【HanLP】正向、逆向及雙向最長匹配法分詞

前言

我們知道，在英文的行文中，單詞之間是以空格作爲自然分界符的，而中文只是字、句和段能通過明顯的分界符來簡單劃界，唯獨詞沒有一個形式上的分界符，雖然英文也同樣存在短語的劃分問題，不過在詞這一層上，中文比之英文要複雜得多、困難得多。

在中文信息處理過程中，自動中文分詞備受關注。中文分詞大概可分爲：

基於詞典規則
基於機器學習

本篇主要介紹第一種

1、環境準備

windows 10
安裝pyhanlp：pip install pyhanlp（這裏可能安裝不成功，可留言）
HanLP附帶的迷你核心詞典爲例
jupyter notebook（python3）
java（jdk1.8）

2、詞典分詞

詞典分詞是最簡單、最常見的分詞算法，僅需一部詞典和一套查詞典的規則即可

加載詞典

Java代碼實現：

// 加載詞典
TreeMap<String, CoreDictionary.Attribute> dictionary = IOUtil.loadDictionary("data/dictionary/CoreNatureDictionary.mini.txt");

通過 IOUtil.loadDictionary 得到一個 TreeMap

它的鍵是單詞本身，而值是 CoreDictionary.Attribute

CoreDictionary.Attribute是一個包含詞性和詞頻的結構，這些與詞典分詞無關，暫時忽略

Python代碼實現：

from pyhanlp import *

def load_dictionary():
    IOUtil = JClass('com.hankcs.hanlp.corpus.io.IOUtil')  # 利用JClass取得Hanlp中的IOUtil工具類
    path = HanLP.Config.CoreDictionaryPath.replace('.txt', '.mini.txt')  # 獲取HanLPde配置項Config中的詞典路徑
    dic = IOUtil.loadDictionary([path])
    return set(dic.keySet())

3、切分算法

現在我們已經有了詞典，就剩下查字典的規則了，常用的規則有正向最長匹配、逆向最長匹配和雙向最長匹配，它們都是基於完全切分過程。

（1）完全切分

Python代碼實現：

def fully_segment(text, dic):
    word_list = []
    for i in range(len(text)):                  # i 從 0 到text的最後一個字的下標遍歷
        for j in range(i + 1, len(text) + 1):   # j 遍歷[i + 1, len(text)]區間
            word = text[i:j]                    # 取出連續區間[i, j]對應的字符串
            if word in dic:                     # 如果在詞典中，則認爲是一個詞
                word_list.append(word)
    return word_list

dic = load_dictionary()

print(fully_segment('商品和服務', dic))

[‘商’, ‘商品’, ‘品’, ‘和’, ‘和服’, ‘服’, ‘服務’, ‘務’]

該程序輸出了包含在詞典中的所有可能的單詞

Java代碼實現：

/**
* 完全切分式的中文分詞算法
*
* @param text       待分詞的文本
* @param dictionary 詞典
* @return 單詞列表
*/
public static List<String> segmentFully(String text, Map<String, CoreDictionary.Attribute> dictionary){
	List<String> wordList = new LinkedList<String>();  //存儲結果
	for (int i = 0; i < text.length(); ++i){  //遍歷每個字
		for (int j = i + 1; j <= text.length(); ++j){  //遍歷後續的字
			String word = text.substring(i, j);  //截取子串
			if (dictionary.containsKey(word)){  //如果詞典中包括
				wordList.add(word);  //加到結果中
			}
		}
	}
	return wordList;  //返回最終分詞結果
}

由上面結果我們可以知道，完全切分的結果就是所有出現在詞典中的單詞構成的列表。很明顯，這結果並不是我們所希望的中文分詞。

例如：商品和服務
我們希望得到的是：['商品','和','服務'] 並不是 ['商', '商品', '品', '和', '和服', '服', '服務', '務']

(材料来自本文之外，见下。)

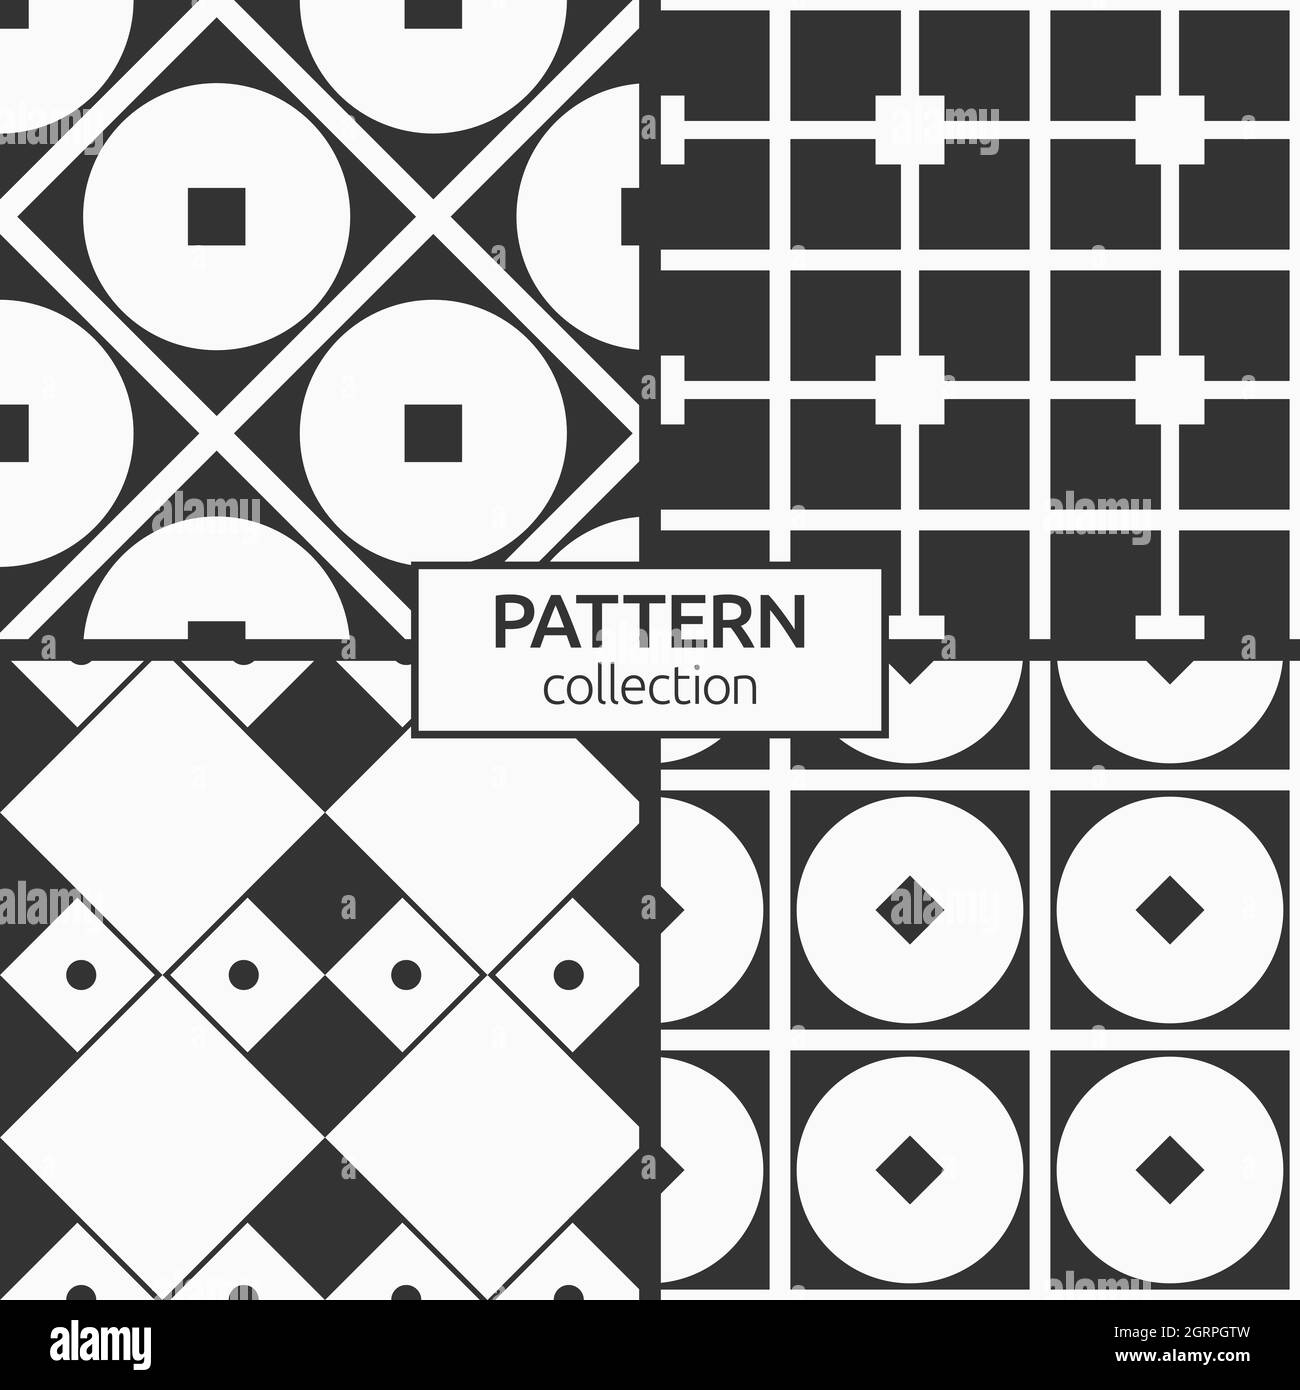 Seamless pattern vector black and white geometric textures. Simple shapes  background repeat designs. Stock Vector
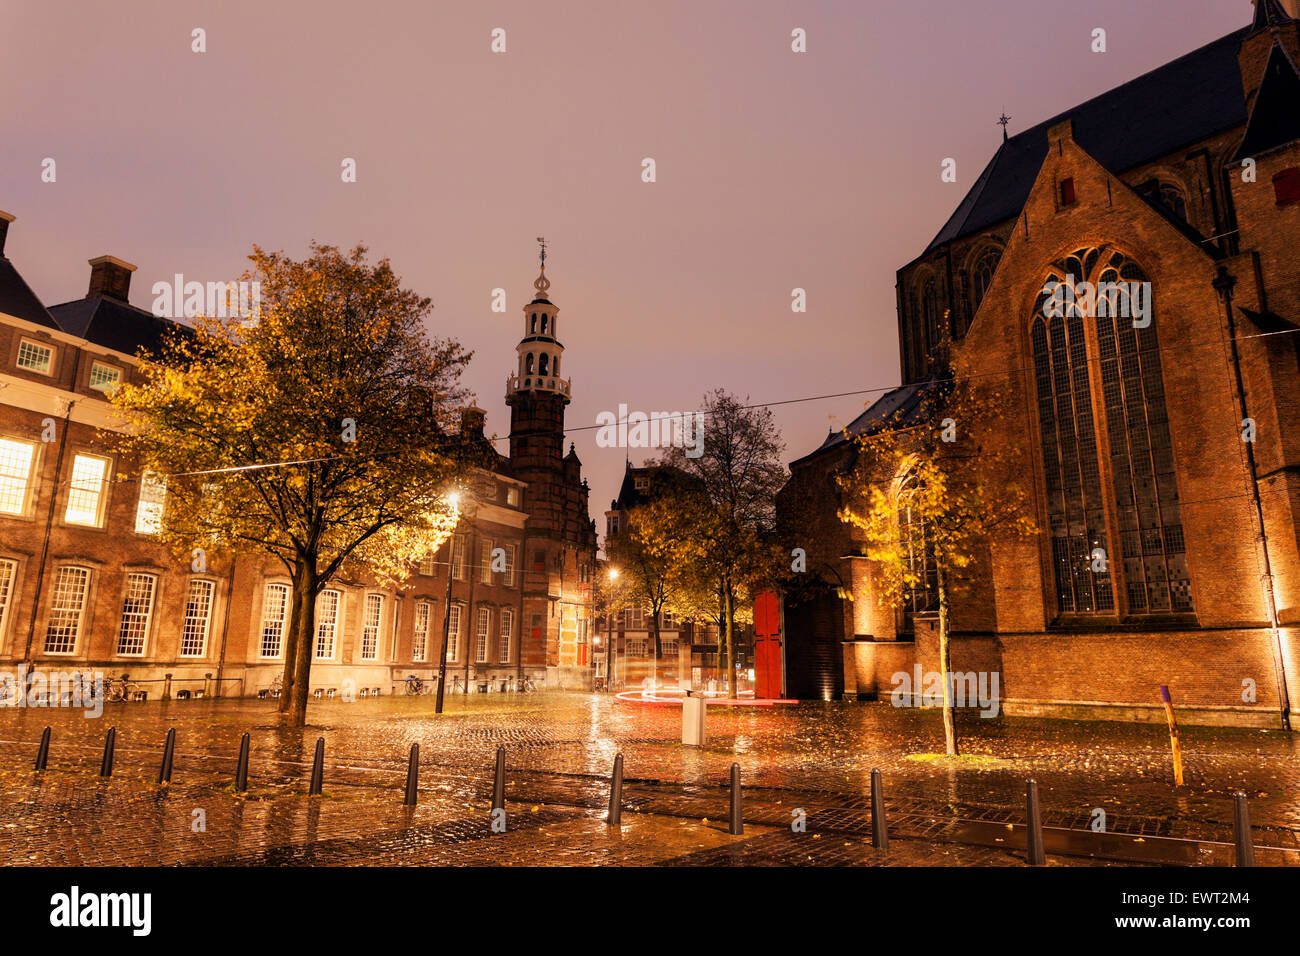 Rainy morning in Hague - Old City Hall. The Hague, South Holland, Netherlands. Stock Photo

爲了解決上面的問題，需要完善一下規則，考慮到越長的單詞表達的意義越豐富，於是我們定義單詞越長優先級越高

具體來說，就是以某個下標爲起點遞增查詞的過程中，優先輸出更長的單詞，這種規則稱爲：最長匹配算法，根據掃描順序的不同又可以分爲：

正向最長匹配：從前往後
逆向最長匹配：從後往前
雙向最長匹配：前兩者結合

（2）正向最長匹配

Python代碼實現：

def forward_segment(text, dic):
    word_list = []  # 分詞結果
    i = 0
    while i < len(text):  
        longest_word = text[i]  # 當前掃描位置的單字
        for j in range(i + 1, len(text) + 1):  # 所有可能的結尾
            word = text[i : j]  # 截取子串
            if word in dic:   # 判斷是否在詞典中
                if len(word) > len(longest_word):  # 如果在，且長度大於之前的，就按此時最長的
                    longest_word = word
        word_list.append(longest_word)  # 加入到結果中
        i += len(longest_word)  # 跳到結尾字的下一個字繼續掃描
    return word_list

print(forward_segment("就讀北京大學", dic))
print(forward_segment("研究生命起源", dic))

[‘就讀’, ‘北京大學’]

[‘研究生’, ‘命’, ‘起源’]

Java代碼實現：

/**
 * 正向最長匹配的中文分詞算法
 * @param text  待分詞的文本
 * @param dictionary  詞典
 * @return  返回結果列表
 */
public static List<String> segmentForwardLongest(String text, Map<String, CoreDictionary.Attribute> dictionary){
	List<String> wordList = new LinkedList<String>();  //結果
	for(int i = 0; i < text.length(); ) {
		String longestWord = text.substring(i, i+1);  //存儲以當前字開頭的最長單詞
		for(int j = i + 1; j <= text.length(); ++j) {
			String word = text.substring(i, j);
			if(dictionary.containsKey(word)) {
				if(word.length() > longestWord.length()) {
					longestWord = word;
				}
			}
		}
		wordList.add(longestWord);  //掃描結束後加入結果中
		i += longestWord.length();  //調到掃描到單詞的後一個字符
	}
	return wordList;
}

我們可以發現，有些句子會出乎我們的意料，因爲在使用正向最長匹配時，“研究生”的優先級大於“研究”

（3）逆向最長匹配

Python代碼實現：

def backward_segment(text, dic):
    word_list = []
    i = len(text) - 1
    while i >= 0:  # 掃描位置作爲終點
        longest_word = text[i]  # 掃描當前的單字
        for j in range(0, i):  # 遍歷[0,i]區間作爲待查詞語的起點
            word = text[j : i+1]  # 取出子串
            if word in dic:  # 如果在詞典中
                if len(word) > len(longest_word):  # 並且長度大於最長單詞
                    longest_word = word  # 替換
        word_list.insert(0, longest_word)  # 插入最前面，逆向掃描
        i -= len(longest_word)
    return word_list

print(backward_segment("就讀北京大學", dic))
print(backward_segment("研究生命起源", dic))
print(backward_segment("項目的研究", dic))

[‘就讀’, ‘北京大學’]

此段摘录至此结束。